Sperry will retire from the University of Utah in December, so it’s a time to look back on a career that started, in retrospect, as early as kindergarten in his hometown of Normal. “Of course I was also obsessed with being a truck driver,” he adds. “But I did draw lots of trees and enjoyed watching our teacher demonstrate the ascent of food coloring in the transpiration stream of a celery stalk.”

But like a true scientist he is always looking forward as well, not just finding a home for that centrifuge with the custom-made rotors, but enlisting the programming skills of undergraduate lab associate Henry Todd. Todd, together with lab mates Martin Venturas and Yujie Wang, is  facilitating  climate change simulations of 520 combinations of 8 species in 20 sites across the country based on  six climate projections and two emissions scenarios … over 30 years.

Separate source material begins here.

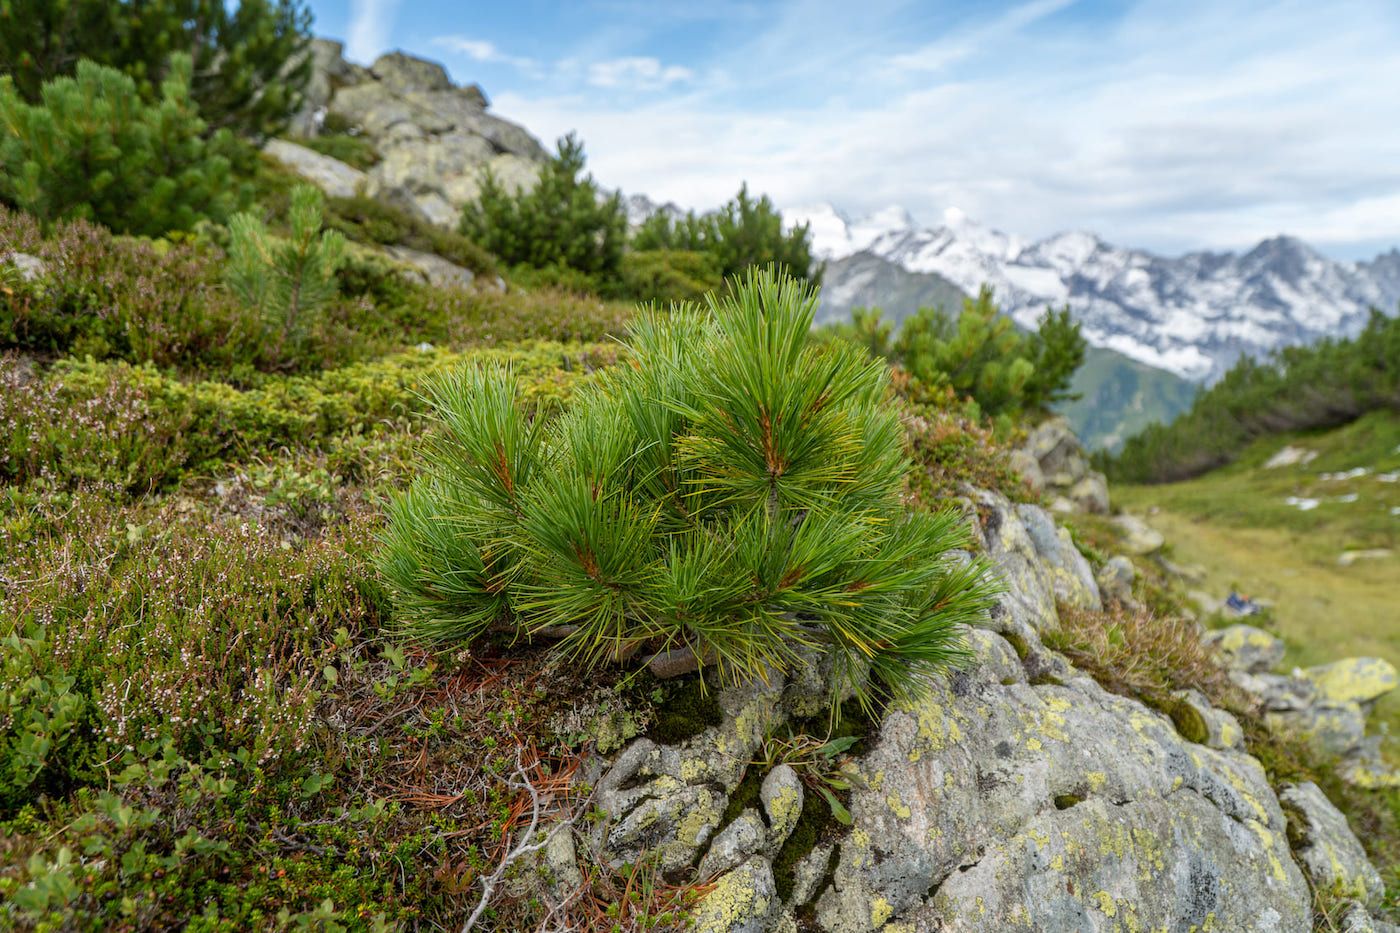 Jeune plant d'arole sur un rocher - Alpes suisses
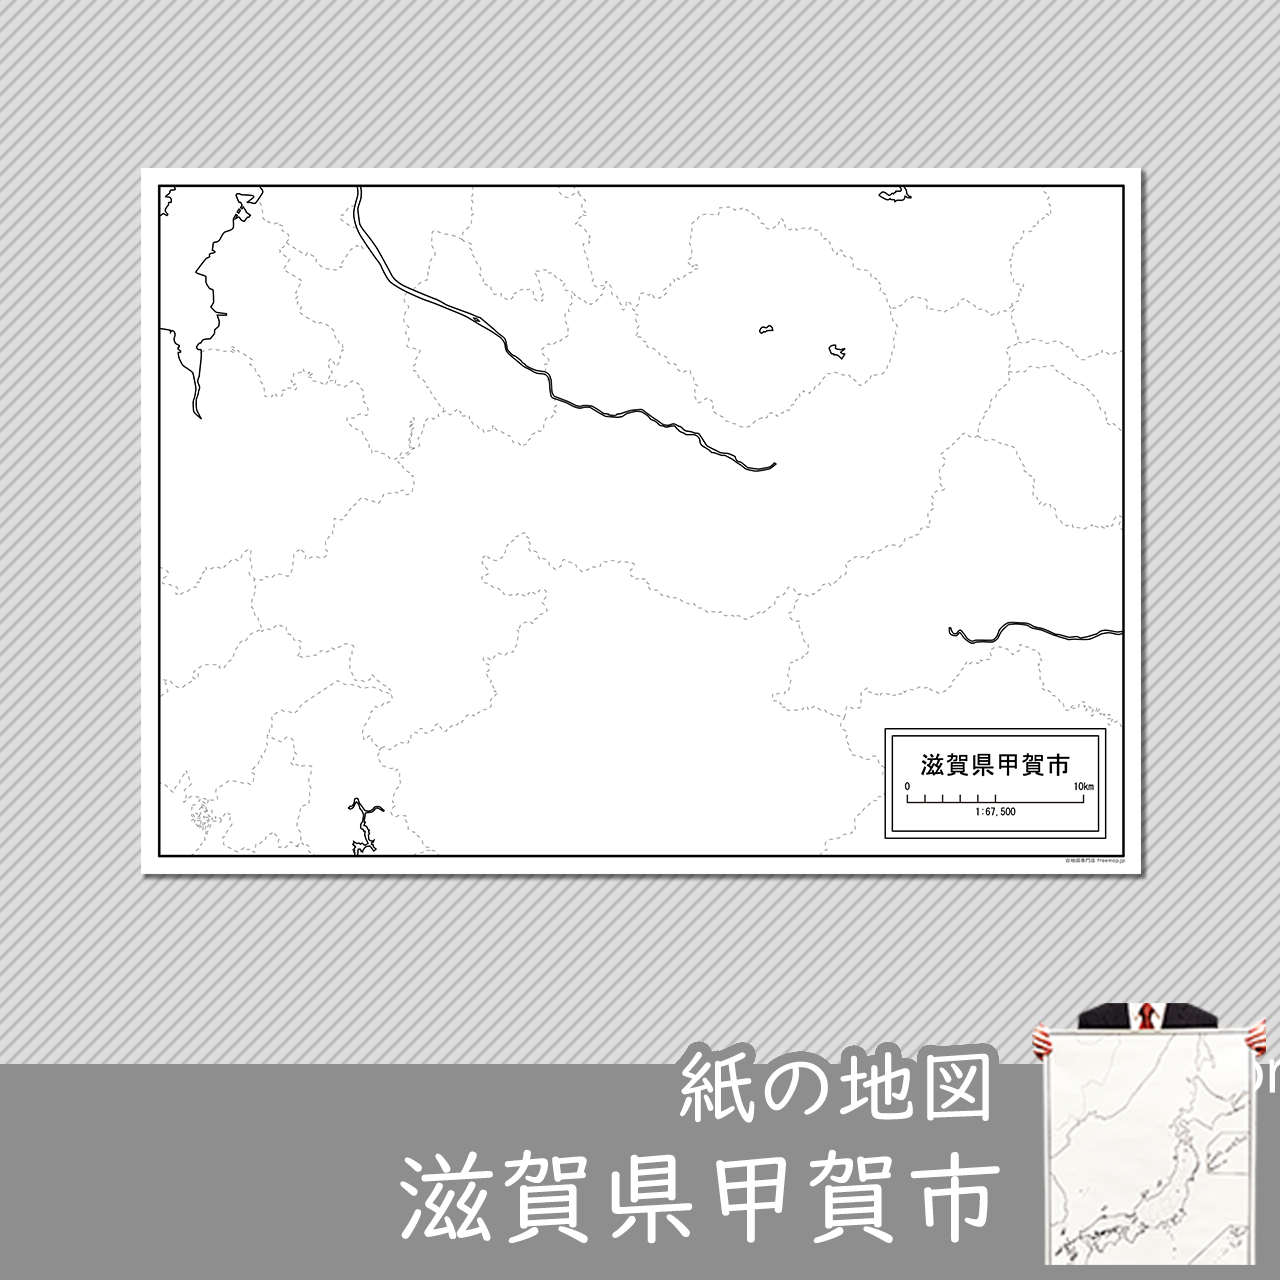 甲賀市の紙の白地図のサムネイル

John Sperry will not be parsing through this kind of macro data for much longer, limiting himself to just a few more papers and farewell meetings. Retirement will  allow him  more time to adventure with his wife Holly in their truck camper and to be in his  favorite laboratory: the outdoors. He and his canoeing buddies also look forward to expanding their summer-long explorations of northern wilderness, a place where you can travel over 600 miles under your own steam and not see another soul for a month and a half. Sperry is harking to the dictum: “no one on their death bed wishes that they had spent more time at work.”